В комнате появляется Василиса, дочь Мирона – статная девушка с русой косой до пояса. Она несёт ещё один поднос с едой и, заметив меня, улыбается так, как никогда раньше не улыбалась.
– Артай! – в её голосе звенит радость. – Как хорошо, что ты пришёл. Я пироги испекла.
Она ставит поднос на стол и отступает, но не уходит, как обычно делала в моём присутствии. Вместо этого она остаётся рядом, смотрит на меня с каким-то новым интересом.
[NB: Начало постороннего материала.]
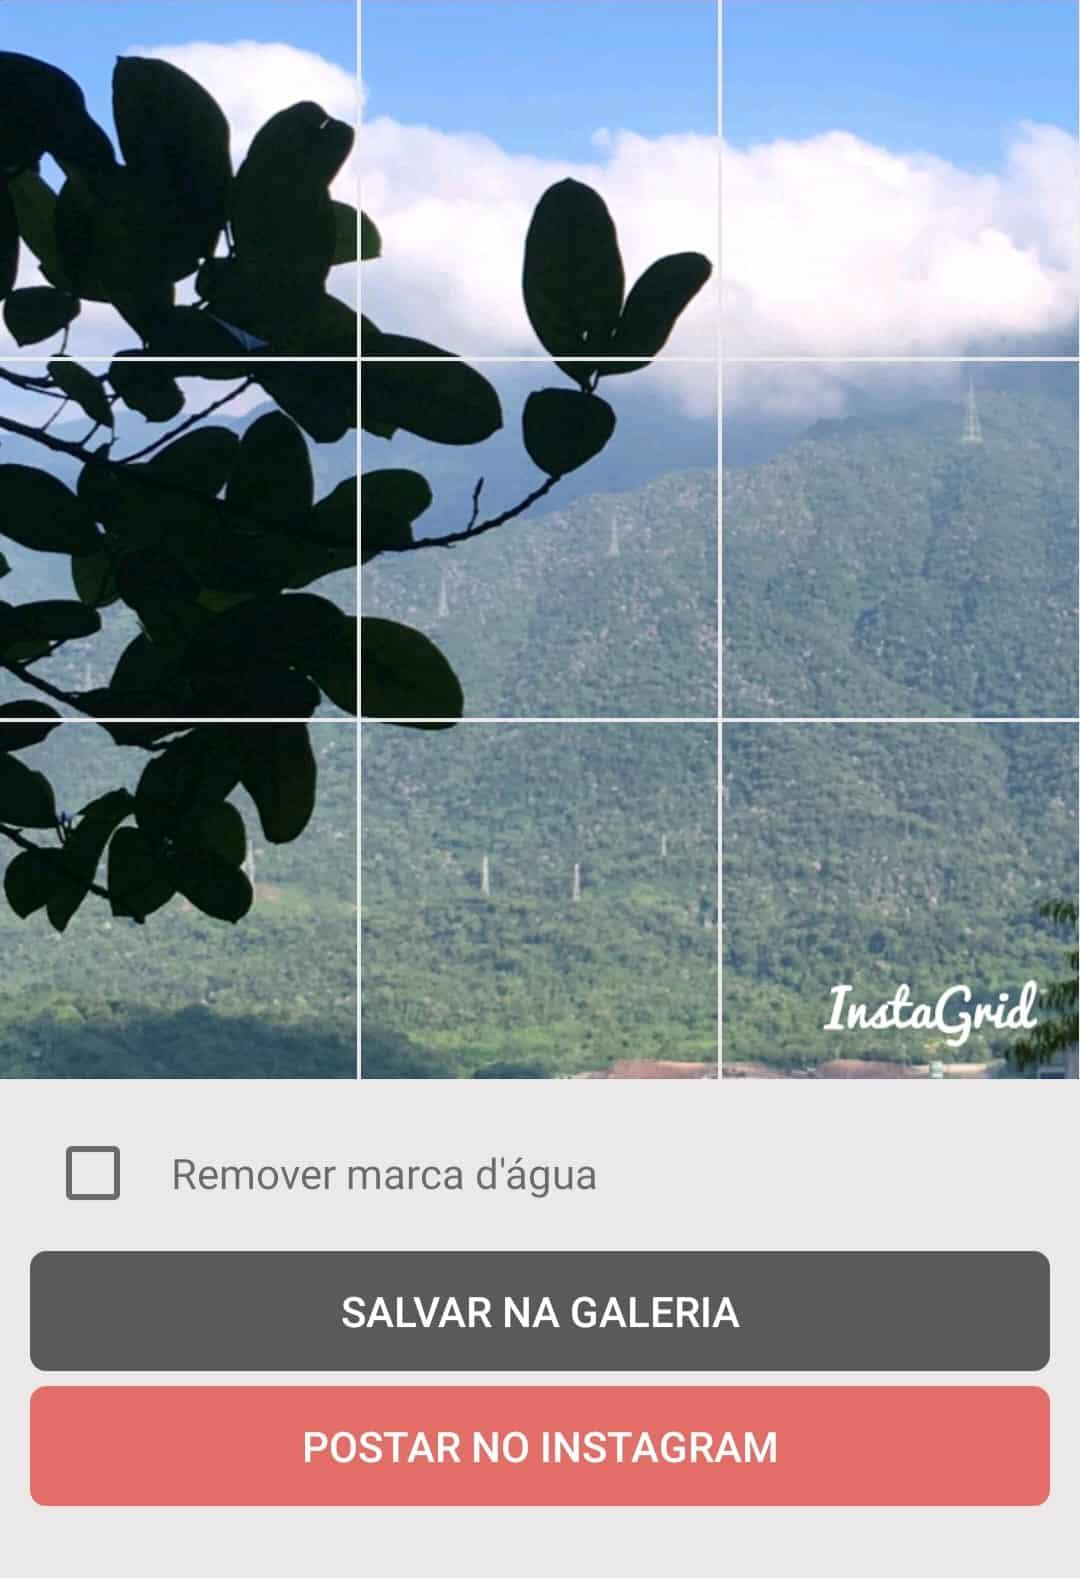 Mosaico Instagram Postar

Вся эта картина кажется неправильной, фальшивой.
– Что происходит, Мирон? – спрашиваю я, не пытаясь скрыть подозрения. – Почему такие почести сегодня?
Староста и его дочь обмениваются взглядами, и Мирон наконец-то решает играть в открытую.
– Присядь сначала, выпей, – он указывает на лавку у стола. – Новости у нас сегодня хорошие.
Сажусь, но к еде не притрагиваюсь. Что-то подсказывает мне, что аппетит вскоре пропадёт. Мирон наливает медовуху в резной кубок и ставит передо мной.
– У нас гостья, – произносит он, наконец. – Городская девушка. Сама пришла, представляешь? Прямо перед Купалой.
По моему телу пробегает холодок.
Девчонка из леса. Та самая, которую я спас от русалки. Значит, она не послушалась предупреждения.
– Художница, – продолжает Мирон, не замечая моей реакции. – Говорит, что сны её привели. И знаешь что? Я ей верю! Это знак, Артай. Сами боги её послали!